# Mixed-Effect Models

Modified on Sun, 11 Feb at 8:57 AM

# What is a mixed effect model?

A mixed effects model, also known as a mixed model, is a statistical model that incorporates both fixed effects and random effects. These models are particularly useful for analyzing data that have hierarchical or grouped structure, where observations can be nested within higher-level units (e.g., students within schools, repeated measures within individuals).

Fixed effects are frequently reported in medical literature due to their direct interpretation in estimating the average effect of independent variables on an outcome across the study population. However, the use of random effects or mixed models is essential in the presence of hierarchical data structures or when the research aims to explore variability within and between clusters or over time. The trend towards more complex and nuanced analyses in medical research has led to an increased use of mixed models that leverage the strengths of both fixed and random effects to address sophisticated research questions.

# For which analyses are mixed model available on EasyMedStat?

They are available for all  linear and logistic regression models, where the predicted variable (dependent) is a Yes-no, List or Numeric variable.

They are not available yet for Cox models, where the predicted variable is an Event variable.

# When should I used a mixed effect model?

Mixed effect models and more generally multivariable models are complex statistical analyses. They should be carried out by experienced users with skills in statistics. If you have any doubt regarding the use of a statistical test, ask a statistician!

For reference, here are 2 common situations where random effects could be used in medical literature:

1. A longitudinal study tracking the progression of a chronic disease, such as diabetes or multiple sclerosis, over several years. In such a study, patients are measured on various outcomes (e.g., disease severity, quality of life) at multiple time points to assess changes over time and the effectiveness of treatments.
2. A multicenter clinical trial evaluating the efficacy of a new medication across several hospitals or clinics.
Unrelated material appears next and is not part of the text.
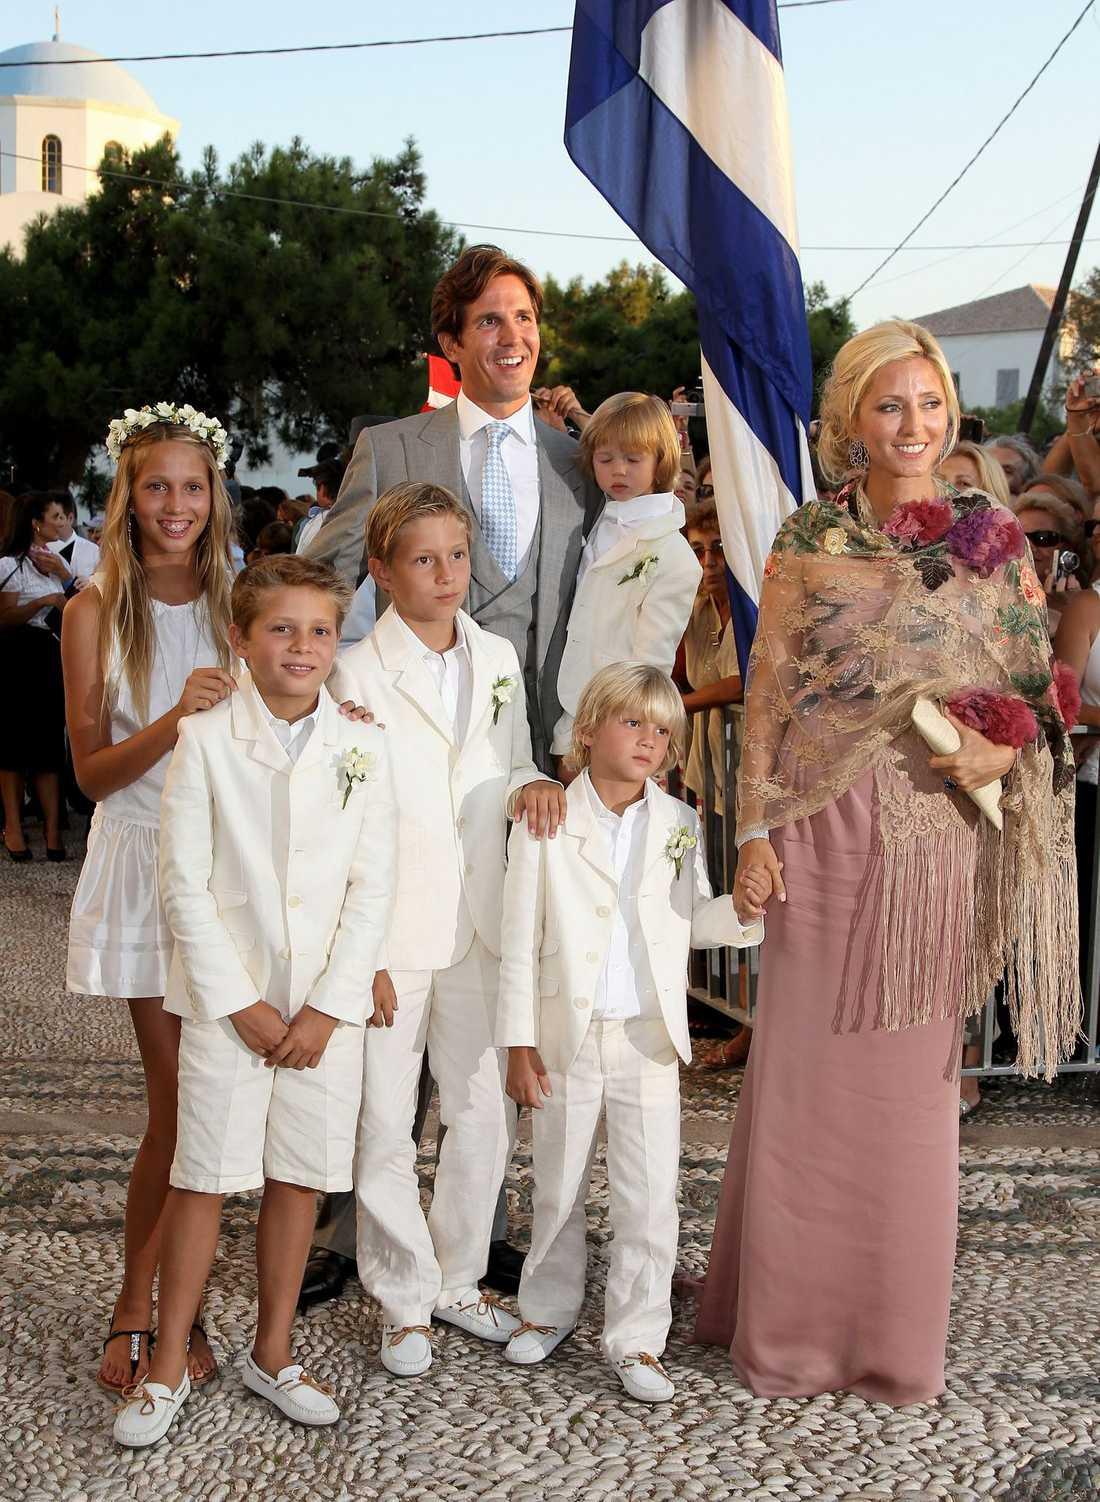 Greklands kronprinsessa Marie-Chantal, prins Pavlos och deras familj utanför kyrkan.

Such trials often aim to generalize findings across diverse patient populations and healthcare settings, requiring the analysis to account for the variability between centers.

In both examples, mixed effect models are indispensable for their ability to accurately model the complex structure of the data, handle within-group correlations, and provide more reliable and generalizable estimates of the effects of interest.

# Random intercept, random slope or both?

In mixed effect models, the choice between using a random intercept, a random slope, or both depends on the structure of the data and the specific research questions. Here's an overview of when to use each and examples from medical literature:

## Random Intercept

### When to Use:

A random intercept is used when there is natural grouping in the data, and you expect that there is variability in the outcome variable's baseline level across these groups, but you assume the effect of the predictor variables on the outcome is consistent across groups.

### Example:

In a study assessing the impact of a new drug on blood pressure levels across multiple clinics, a random intercept could be used to account for baseline differences in blood pressure levels among clinics. Each clinic might have different baseline characteristics (e.g., demographics, average health status), but the effect of the drug on lowering blood pressure is assumed to be consistent across these clinics.

## Random Slope

### When to Use:

A random slope model is appropriate when you expect that the effect of a predictor variable on the outcome not only varies across groups but does so in a way that the direction or strength of the relationship changes.

### Example:

In a longitudinal study examining the effectiveness of a physical therapy regimen on recovery from knee surgery, a random slope could be used for time, indicating that the rate of recovery (effect of time on recovery) varies among patients. This accounts for the fact that some patients may recover faster or respond better to the therapy over time compared to others.

## Both Random Intercept and Random Slope

### When to Use:

Using both random intercepts and slopes is appropriate when you have grouped data and expect variability both in the baseline level of the outcome across these groups and in the effect of one or more predictors on the outcome.

### Example:

In a multicenter clinical trial testing a new medication for managing diabetes, where patients' glycemic control is measured over several time points, using both random intercepts and slopes would be ideal. Here, random intercepts would account for baseline differences in glycemic control across centers (due to differences in patient populations, center protocols, etc.), while random slopes for time would allow the rate of change in glycemic control (due to the medication) to vary by patient. This approach recognizes that not only do patients start from different baselines, but they also may respond differently to the medication over time.

# How should my data be organized?

Usually, your data is organized with one line for each patient, just like below

To analyze time as a fixed effect and the patient as a random effect, you should now organize your data with one line for each measurement. As in the example below:

Please note that a new column has appeared: "Day" which allows to distinguish between each measurement. For example, for Patient 1, Day-1 Pain is 6. For Patient 2, Day-3 Pain is 1.

Also, all other columns are conserved as they will be used as fixed effects for the model.